Штауфенберга, с которым никто не говорил с таким участием с самого детства, охватило новое неведомое чувство. Он не отрываясь смотрел на Дарью, которая уже успела переодеться и причесывала большим костяным гребнем длинные волосы, заплела косу и надела повойник. Видел, как посверкивают золотистые искры на ее смуглых руках, как ладны, точны и несуетливы ее движения.
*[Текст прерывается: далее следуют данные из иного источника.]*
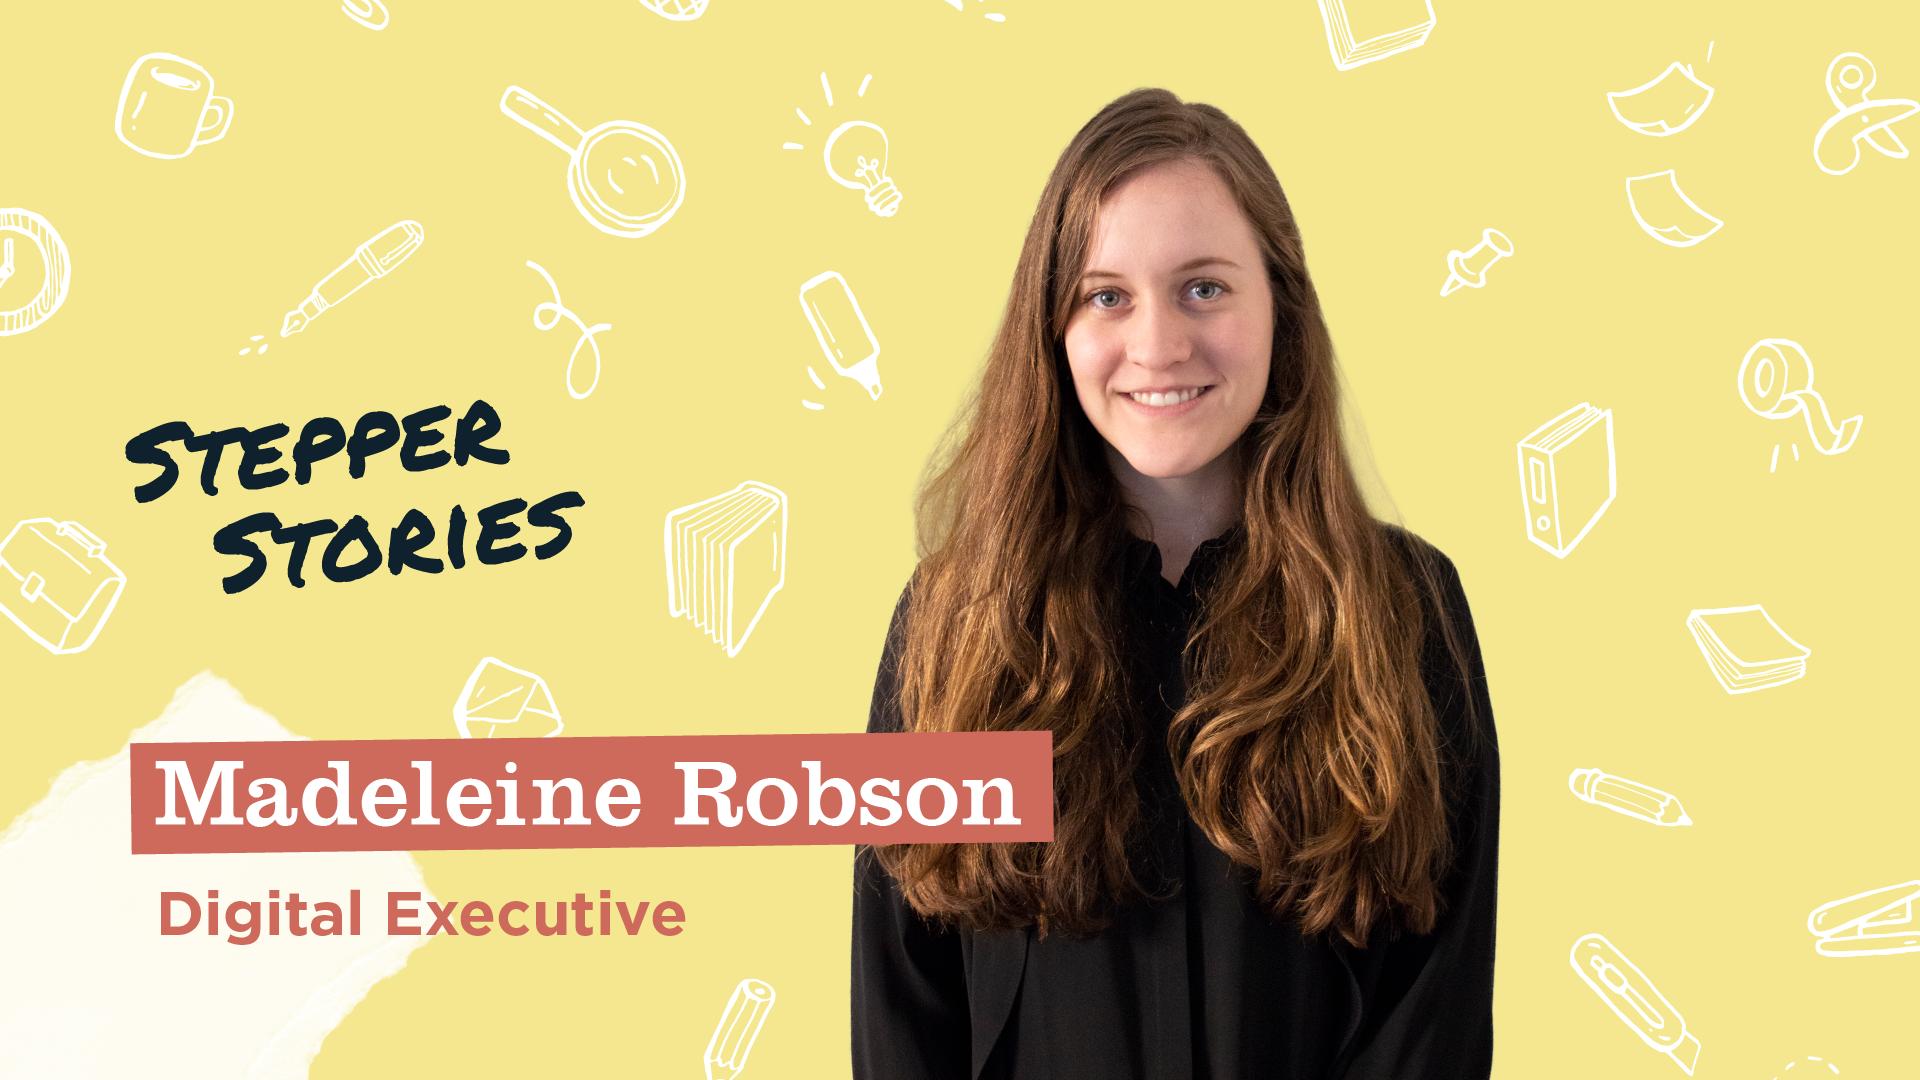 Meet Madeleine Robson, Our Bright-Eyed Wordsmith

Иоганн хотел вскочить, чтобы обнять ее, но не смог пошевелить ни руками, ни ногами, — видно, предусмотрительная знахарка опоила его каким-то зельем, добавленным в квас. Рыцарь погрузился в короткий, но глубокий сон.
Когда он очнулся, то первым делом обратился к Дарье с вопросом:
— Чем это ты меня с ног свалила, хозяюшка? Из чего ты, Дариа Пантелеевна, это сонное средство сделала?
Дарья промолчала, но Иоганн увидел, как в глубине ее зеленых глаз появились и словно заплясали веселые огоньки. Потом глаза у нее стали серьезными, и она сказала каким-то непонятным, но сжавшим Штауфенбергу сердце тоном:
— Не зови меня хозяйкой, боярин, я ведь из семьи закупов, и отчество мне не положено…
— Тогда ты меня Иоганн или, по-вашему, Иван называй. Хорошо?
Дарья неопределенно пожала плечами.
— А как же, хозяюшка, Игнат Трефилыч? — продолжал расспрашивать рыцарь.
— Так ведь он не закуп, а своеземец, человек вольный, хозяин своей земли. Он платит дань только Господу Богу да Новгороду. Других господ над ним нет.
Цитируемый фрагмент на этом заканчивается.